O projeto incorpora os ensinamentos da experiência canadense acerca do intenso diálogo
urbano com as culturas aborígines, expresso em monumentos tradicionais em parques, escolas,
museus, ambientes públicos e na mídia, apreciados a partir de uma missão técnica ao Canadá
em 2003. Esta missão técnica, realizada a convite do Governo do Canadá e coordenada pelo
Museu Rondon, contou com uma equipe composta por professores do curso de Antropologia e
representantes indígenas. A missão incluiu visitas a universidades, museus, e centros de tradição
de estudos aborígines, o que proporcionou rico acervo documental que será utilizado neste
projeto de extensão.
Os estudantes do curso de arquitetura e urbanismo da UFMT serão a sua base de
sustentação do projeto. Estes jovens serão preparados e estimulados a pesquisarem e se
apropriarem das informações, conhecimentos e imagens expostos no Museu Rondon e na
bibliografia relacionada ao tema, de modo que se constituam personagens ativos na criação
deste espaço institucional de sensibilização e envolvimento. Estes mesmos estudantes serão
também responsáveis pela elaboração de propostas de releituras urbanas a partir de códigos
culturais tradicionais, que poderão ser incorporados pelos órgãos públicos e pelos setores
produtivos da sociedade mato-grossense.
Os projetos de intervenção urbana, elaborados com base nos símbolos das culturas indígenas
de nossa região, elaborados pelos estudantes, terão a arquitetura como o marco inicial de
referência, mas poderão atingir também uma multiplicidade de setores produtivos nos quais se
aplica a noção ampla de design como criação de logos, totens, sites, vestimentas, coleção de
grafismos, monumentos, etc.
Os resultados do projeto serão incorporados tanto nos materiais didáticos que retornarão para
as salas de aula, quanto na produção de conhecimento científico, como artigos e ensaios. Além
de serem incorporados ao acervo do Museu Rondon virtual, para consulta de estudantes, turistas
e publico em geral.
4. Considerações finais
Motivado pelas mudanças ocorridas na sociedade mato-grossense, nas últimas décadas,
como resultado do intenso movimento migratório de pessoas oriundas do sul do país para região,
o presente projeto de extensão se consolida como um esforço de se estabelecer um diálogo
necessário entre a cultura indígena e não indígena.

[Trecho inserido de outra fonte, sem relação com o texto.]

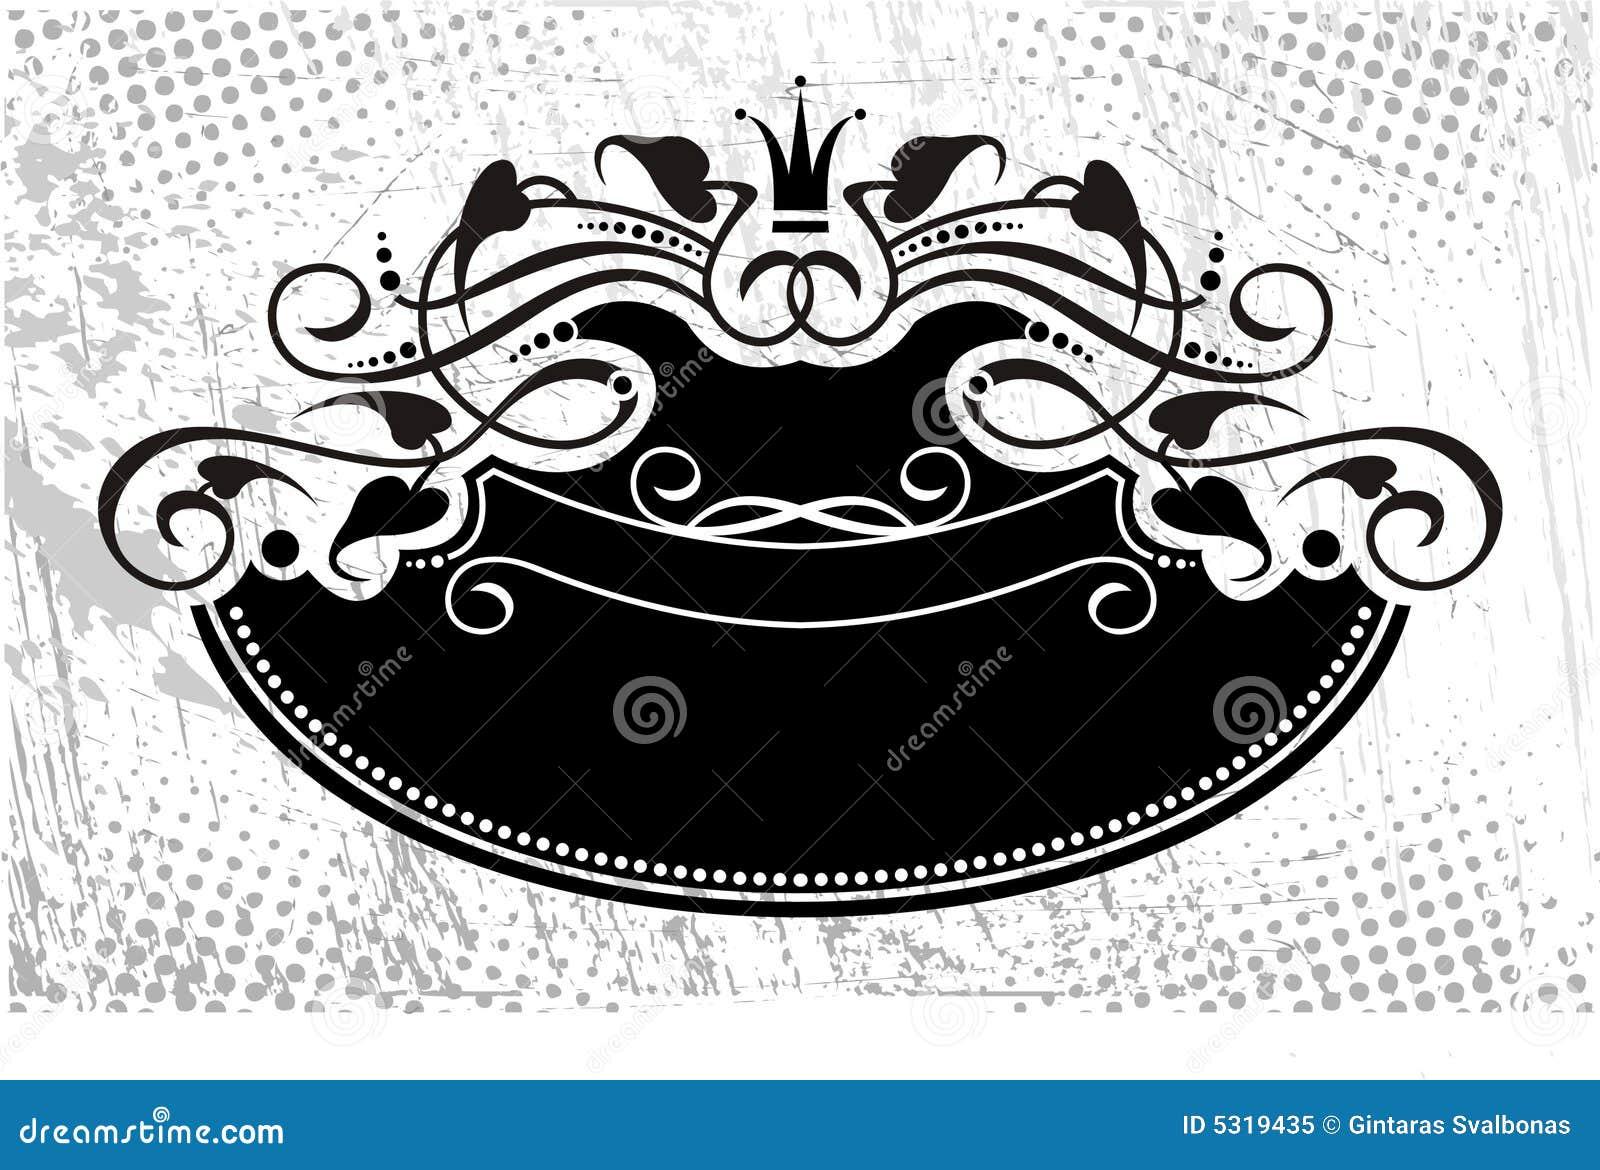 Download Arricciature Floreali Con La Parte Superiore Qui Sopra Illustrazione Vettoriale - Illustrazione di mano, etichetta: 5319435
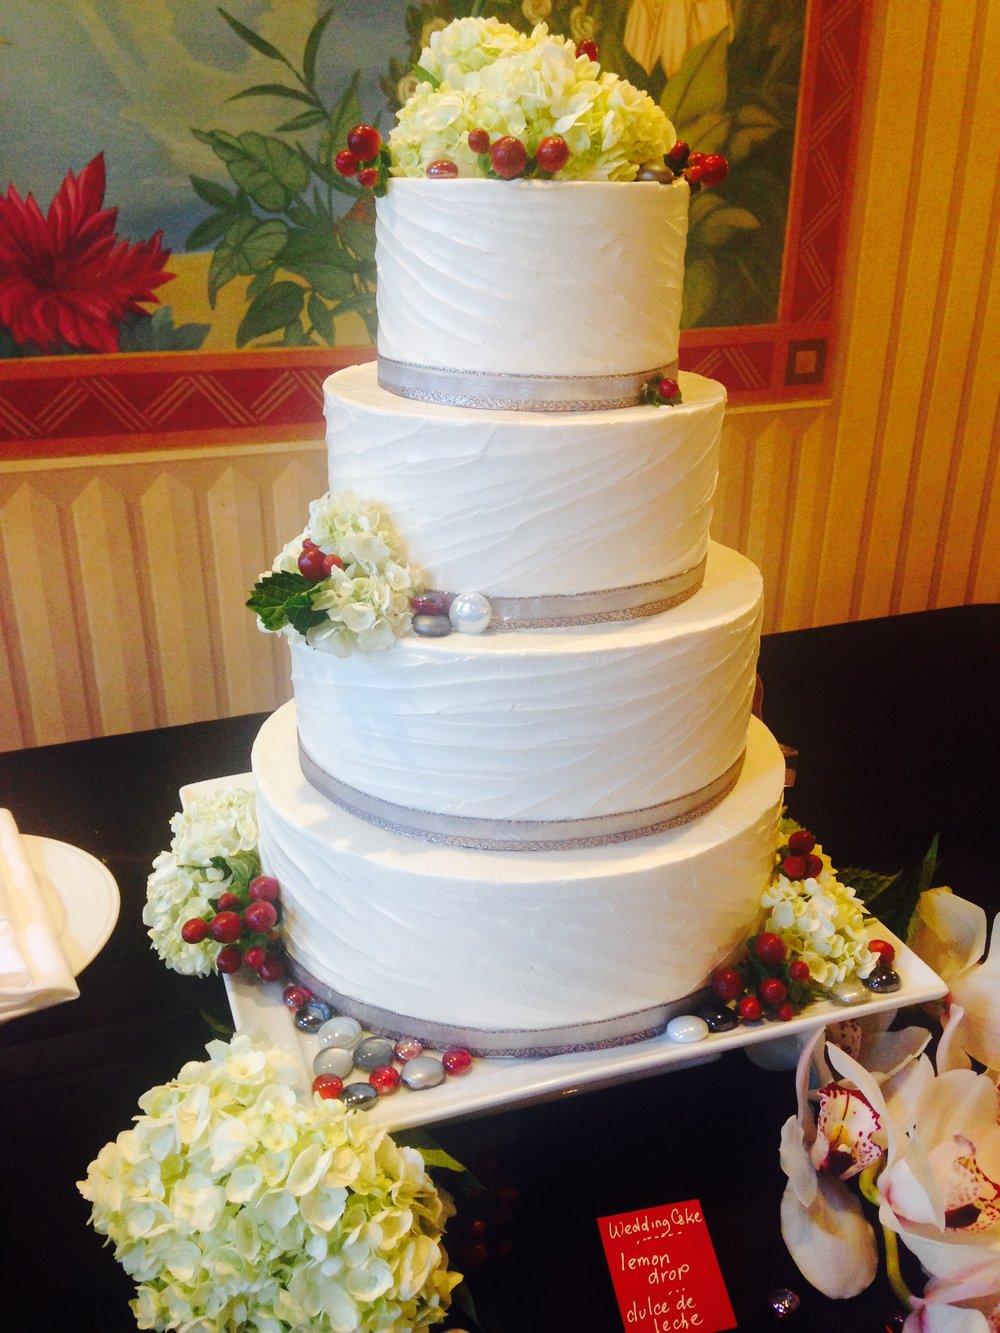 4 Tier Cake.jpg

Através do empenho em estabelecer novas bases de convivência entre as áreas de
conhecimento na UFMT, o projeto se constitui ainda como um laboratório de antropologia
aplicada, gerador de novas reflexões (teóricas e práticas) acerca das possibilidades de superação
dos estigmas de caráter étnico nas relações desta sociedade multifacetada, servindo como
exemplo de novas possibilidades para os próprios índios, na direção do desenvolvimento
sustentável de suas comunidades extremamente dependentes dos recursos públicos, vitimadas
pela visão preconceituosa instituída pela estrutura política local e regional.